Она с не меньшим изумлением подняла взгляд на лицо привязанного и чуть не уронила нож – к козлам был привязан ее родной брат Афран. Она должна была урезать собственного брата! Осознание этого вывело Сану из многомесячного ступора, в котором она находилась, и девушка чуть ли не впервые за последние годы снова взглянула на мир открытыми глазами. Ужас поднялся со дна ее души, сметая на своем пути все искусственно возведенные барьеры. Понимание омерзительности всего того, чем она занималась, настигло Сану как удар бича. Она глухо вскрикнула, выронив таки нож для урезаний.

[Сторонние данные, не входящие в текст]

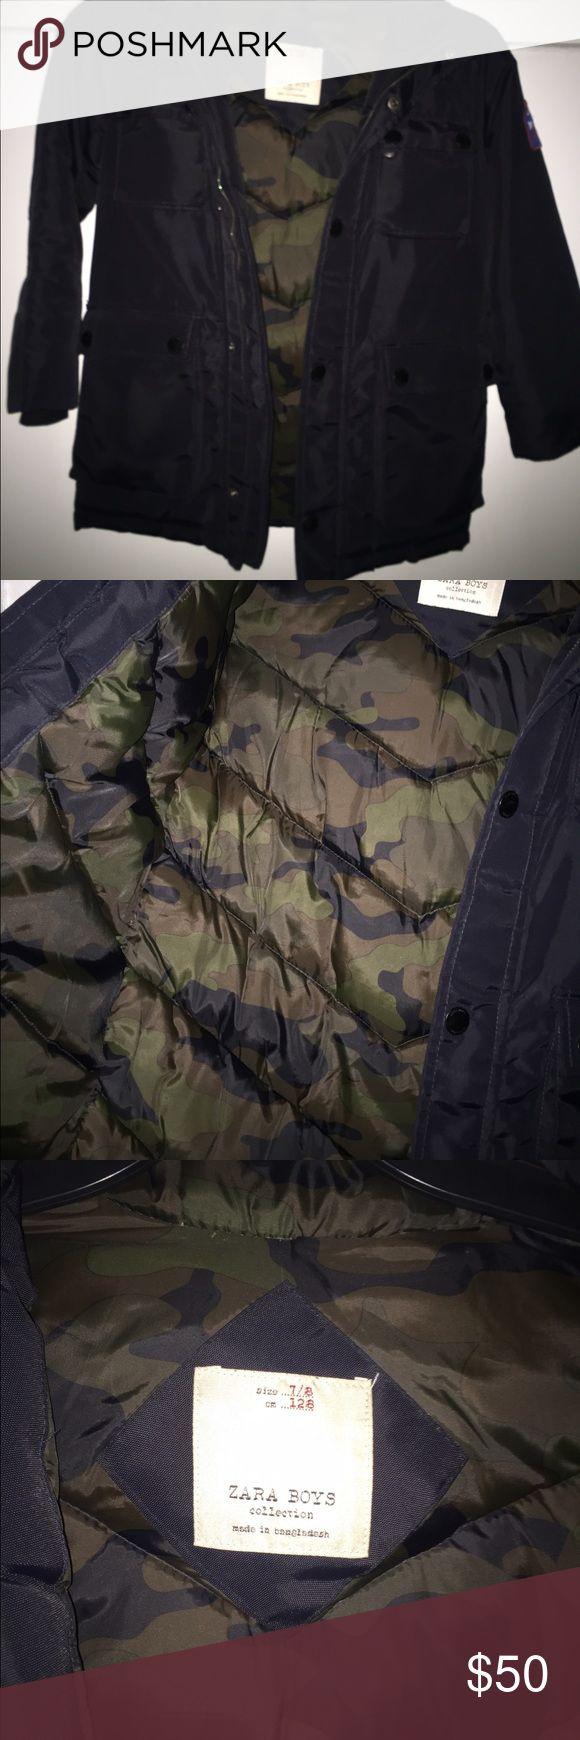 Zara winter jacket Great used condition Zara Jackets & Coats Puffers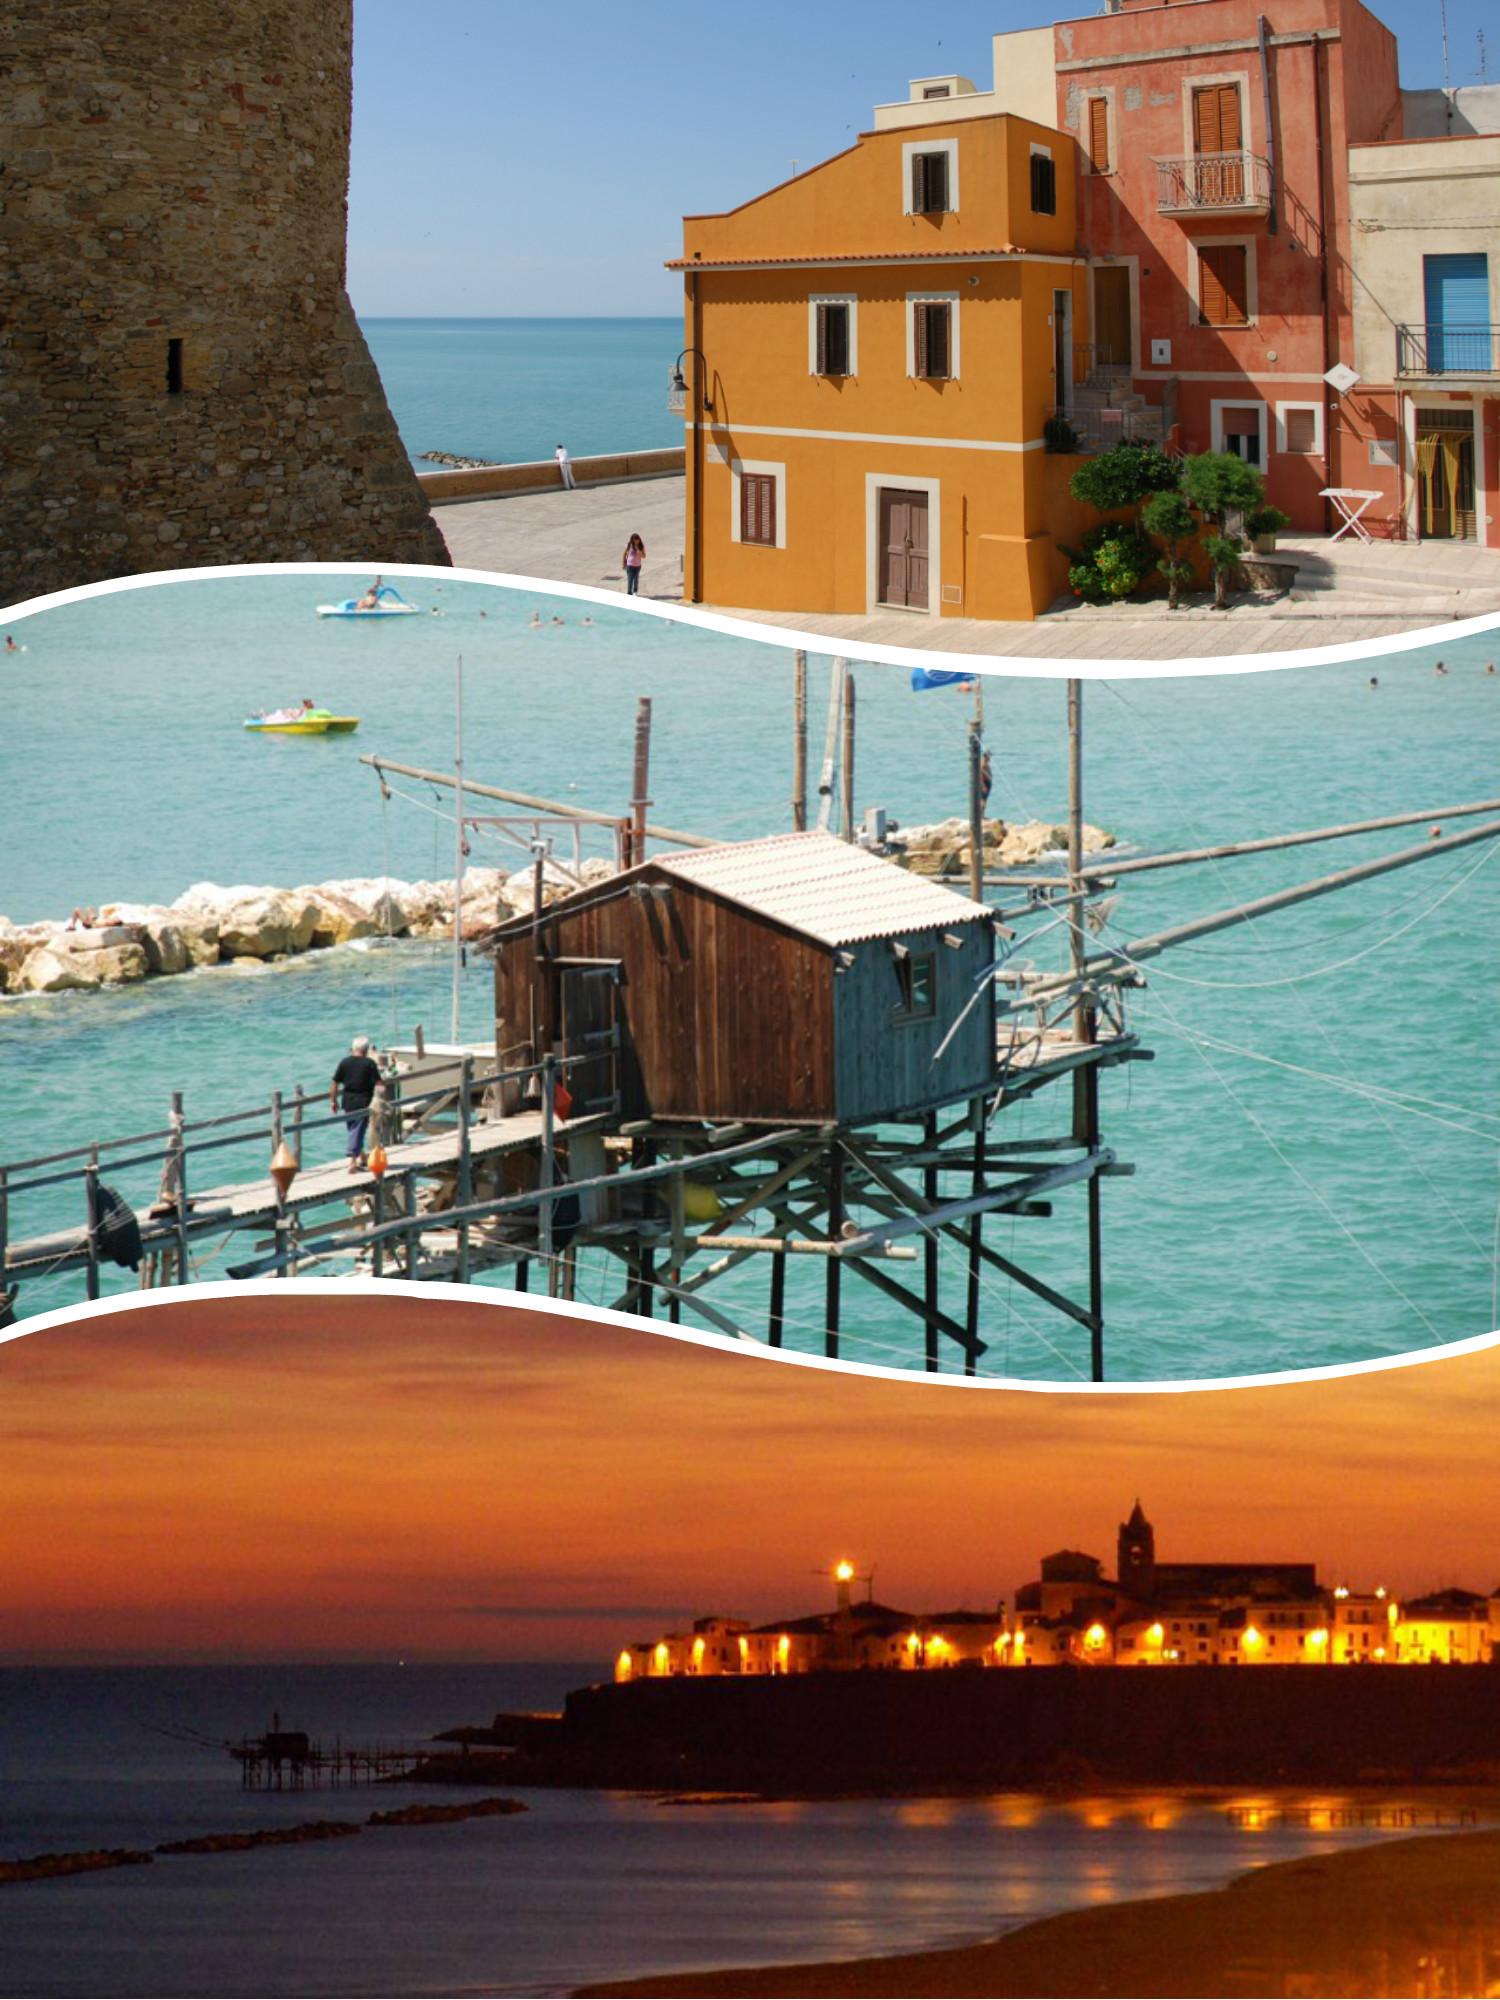 Molise-Adriatc-coast

– Что с вами, госпожа палач? – с удивлением спросил дежурный серг стражи, привыкший к ее постоянному хладнокровию.
– Это мой брат… – растерянно ответила девушка. – Родной… Я думала, что он давно погиб, а он вот…
Сана начала выяснять, а нельзя ли как-то спасти Афрана, но ей сообщили, что пойманных бродяг уже успели изнасиловать в рот… Урезания было не избежать, закон был одним для всех. Девушка была в настолько откровенном ужасе, что ее несчастный брат сам стал уговаривать ее сделать необходимое и успокаивать ее, говоря, что ничего страшного… И Сана была вынуждена это сделать, Афран даже пытался не кричать при этом, но не смог выдержать боль. От его крика девушка чуть не сошла с ума и вдруг поняла, что всем ее жертвам было так же больно и страшно. Так кто же она сама тогда? Кем был ее учитель? «Просто палач…», – мелькнула горькая мысль. Но на рефлексии не было времени – Афран истекал кровью. Она вызвала ближайшего мага и заплатила ему за полное исцеление, затем выкупила брата у магистрата и тут же дала ему свободу. Маг сделал свою работу хорошо и юноша даже смог встать сам. Сана попросила его подождать ее, ведь ей было необходимо урезать еще около двадцати человек, большинство из которых были совсем юными девушками, а с ними всегда было много возни. Но после встречи с братом благоприобретенная черствость Саны куда-то исчезла, и она вздрагивала от каждого крика очередного несчастного и едва смогла довести дело до конца. Ужас всплескивал в ней, понимание того, что урезаний и казней такой жестокости вообще не должно быть, вставало в ее душе. Когда все, наконец, завершилось, она забрала Афрана и поспешила домой, попросив дежурного серга передать в магистрат столицы, чтобы ее не тревожили некоторое время, так как она больна. Ее брат уже мог ходить после исцеления, но Сана все равно вызвала носилки и пошла впереди указывать дорогу. А когда они пришли, девушка забилась в истерике – все урезанные и казненные ею чередой начали проходить перед ее глазами, оказывается она запомнила всех до единого. Вся боль, которую она заставляла испытывать несчастных, теперь хлестала по ее собственным нервам. Сана не понимала в этот момент, как она могла стать той, кем стала, ведь отец всегда учил ее быть доброй. Но и мастера Ирапа обвинять было нельзя – он не видел другого выхода.